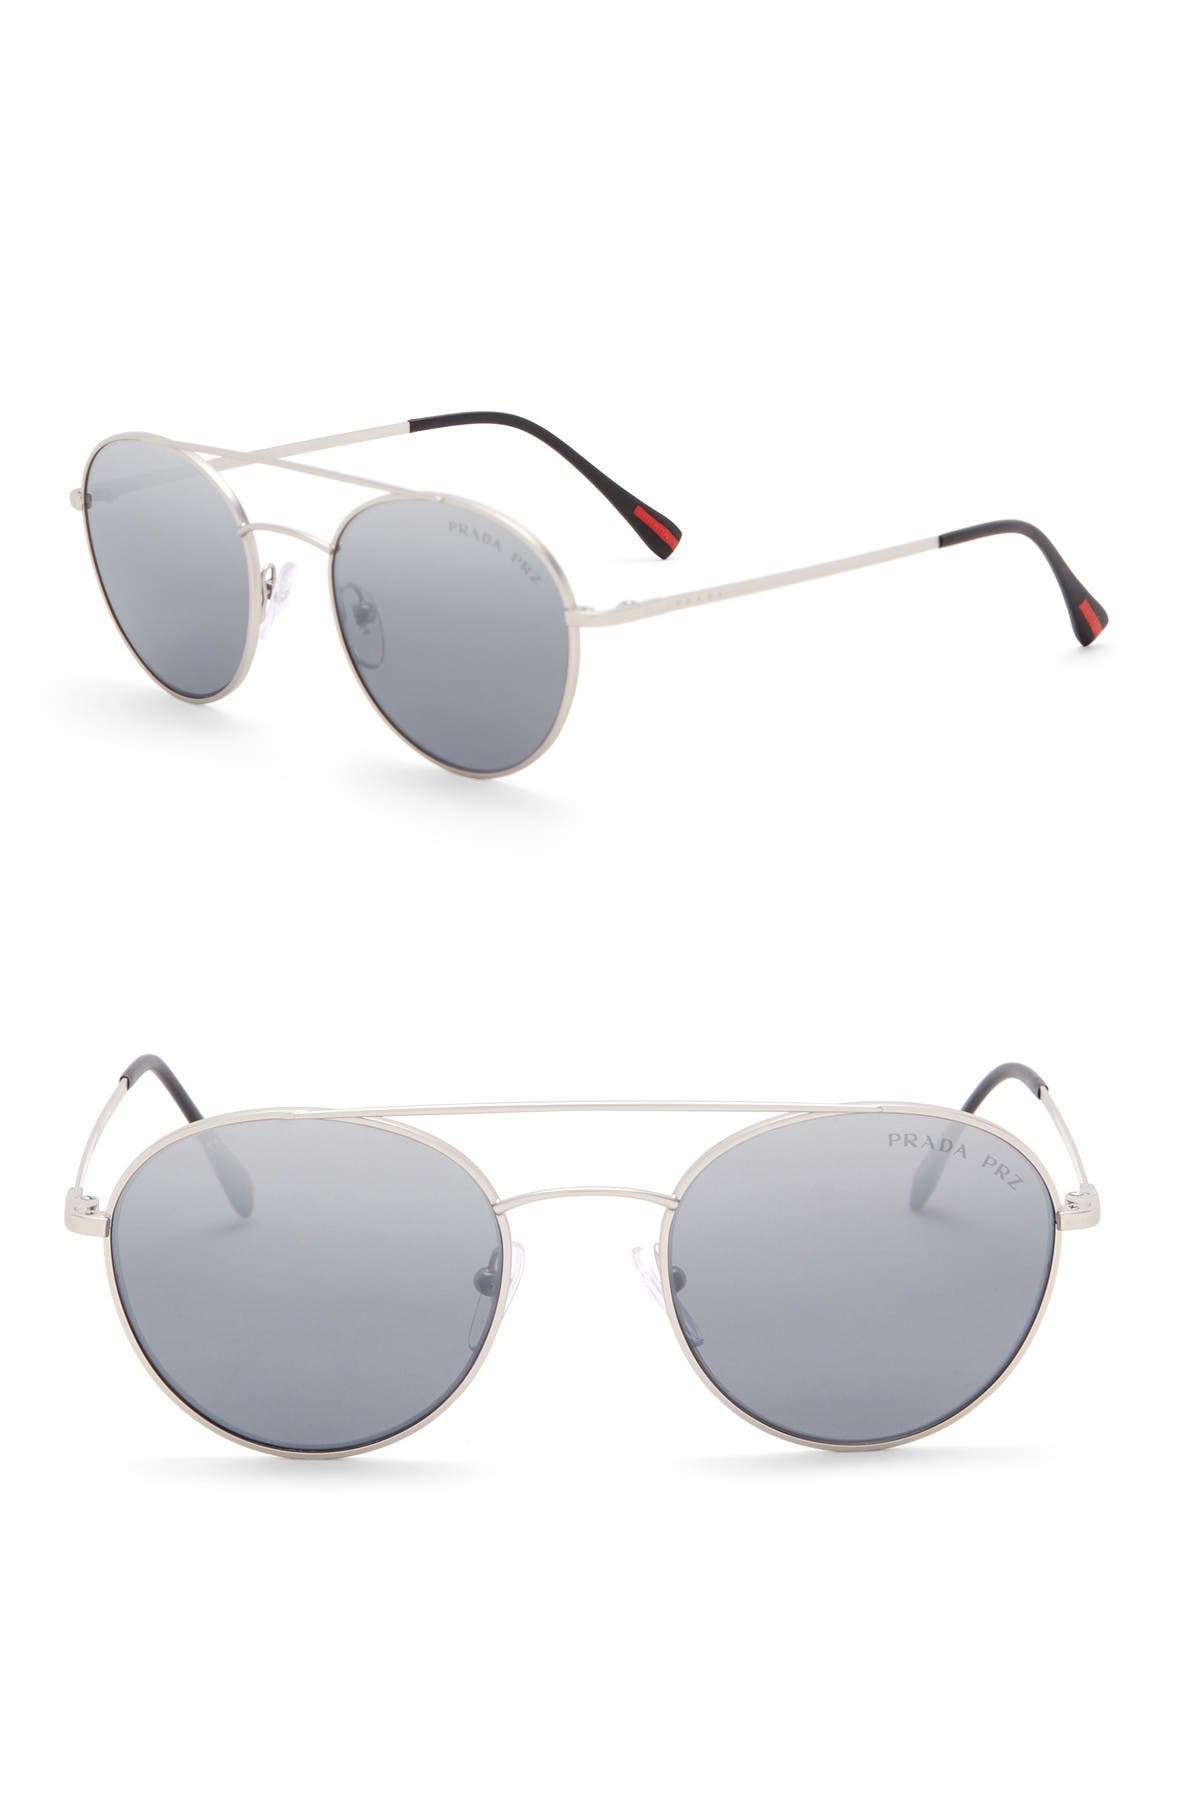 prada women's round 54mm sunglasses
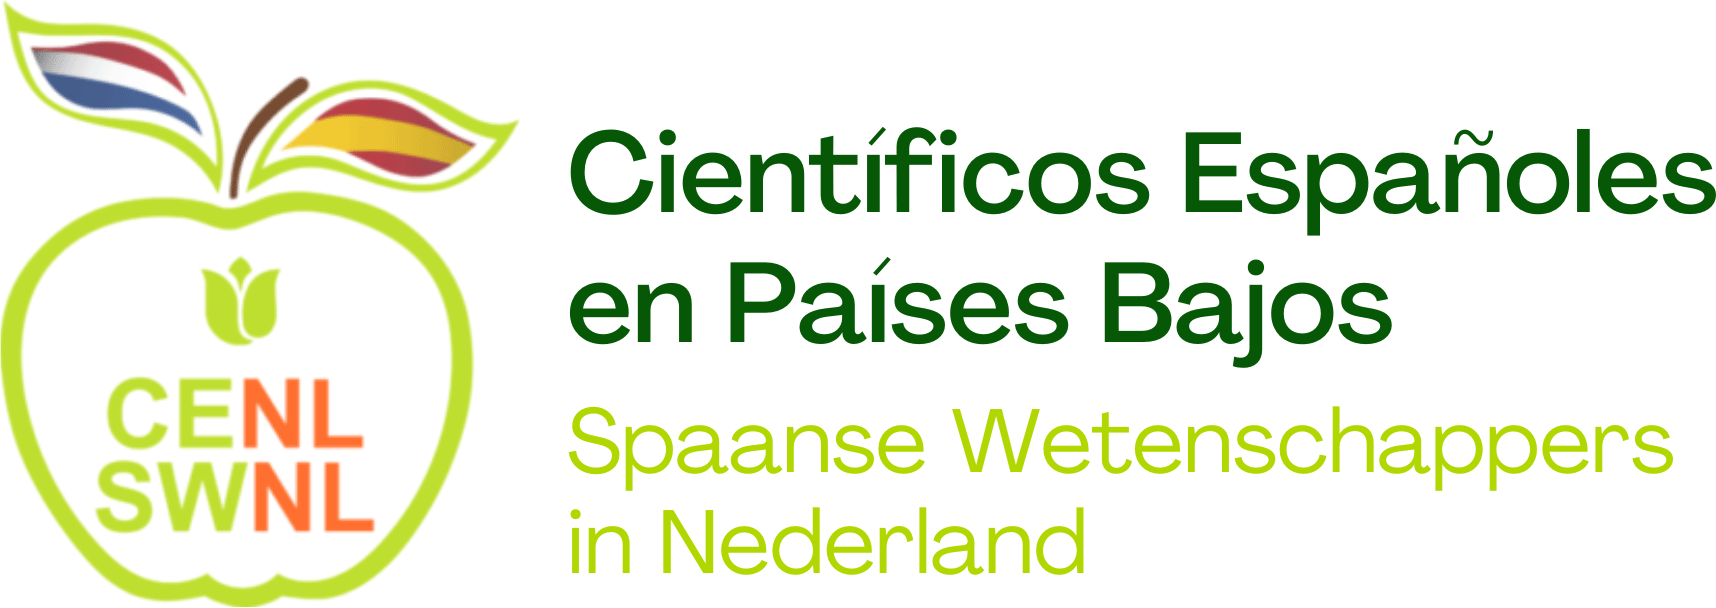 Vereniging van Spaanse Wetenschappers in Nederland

################

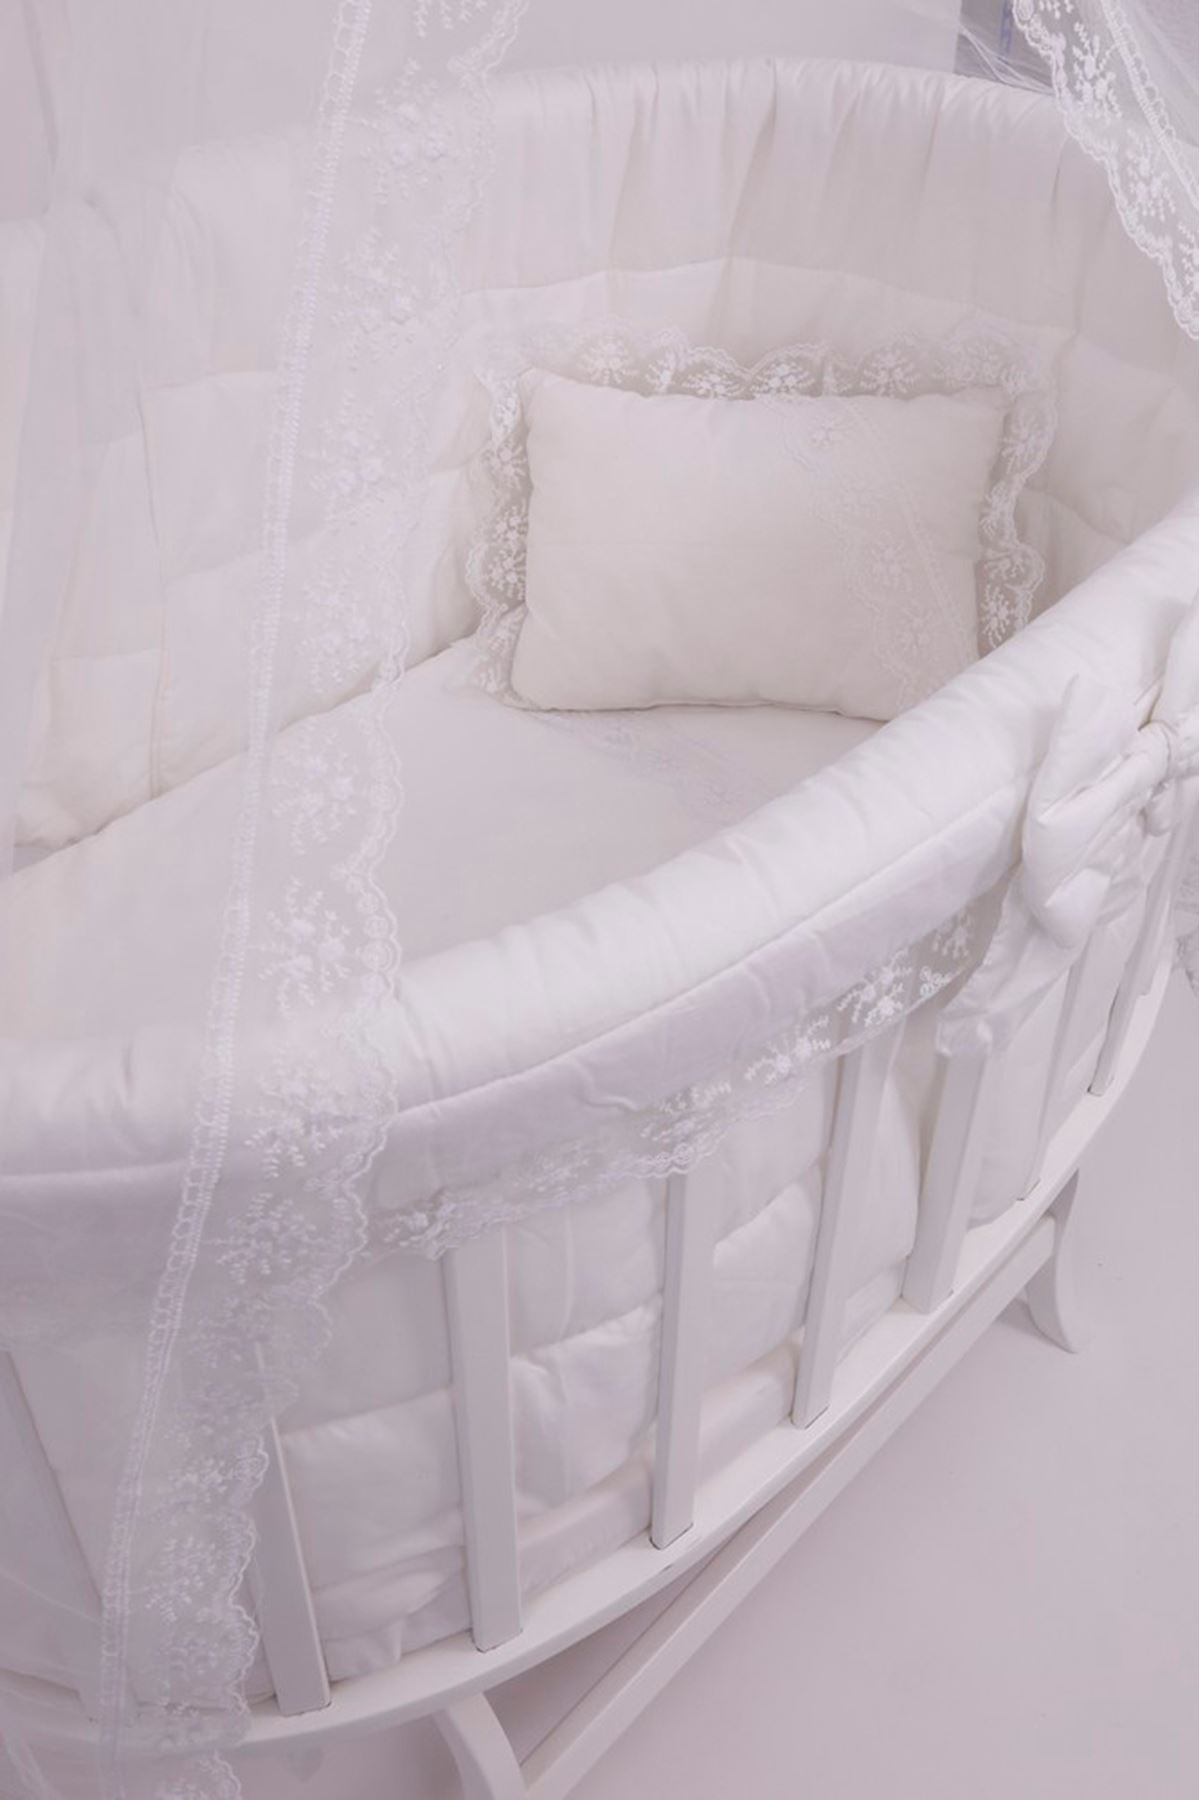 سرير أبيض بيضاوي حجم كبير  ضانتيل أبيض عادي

################

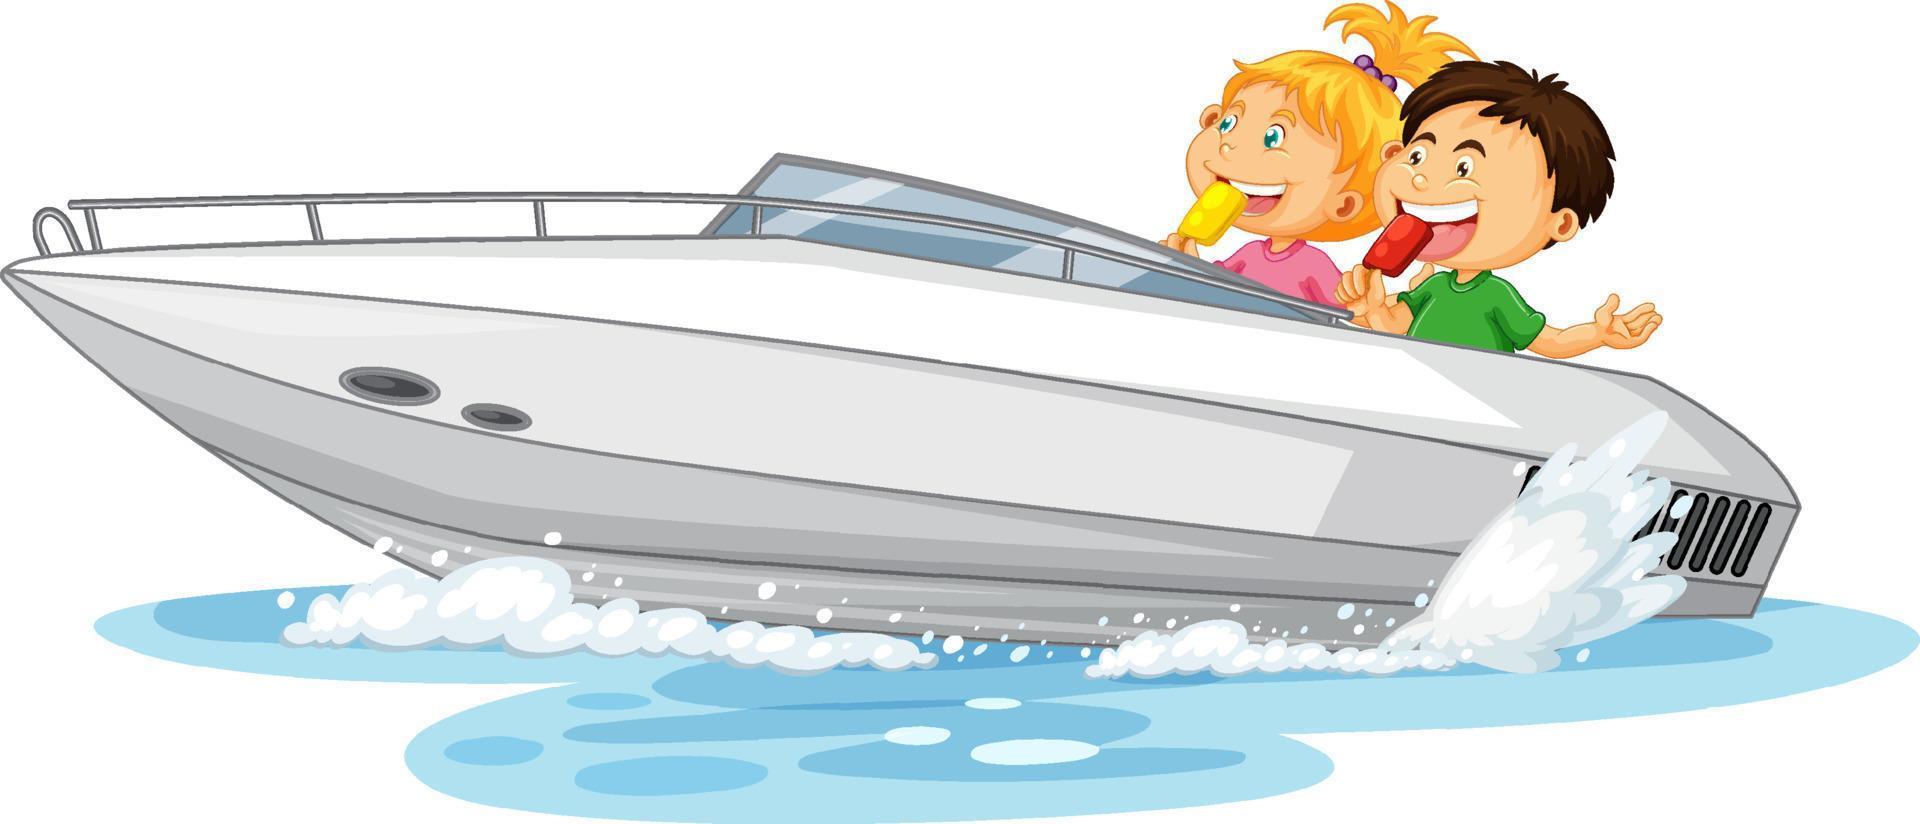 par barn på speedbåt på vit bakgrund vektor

################

• PROMPT:
Look above for the line with "prada women's round 54mm sunglasses" and the line with "Vereniging van Spaanse". Give again exactly those two lines and all lines between them, pictures excluded.

• ANSWER SECTION:
 prada women's round 54mm sunglasses
 Vereniging van Spaanse Wetenschappers in Nederland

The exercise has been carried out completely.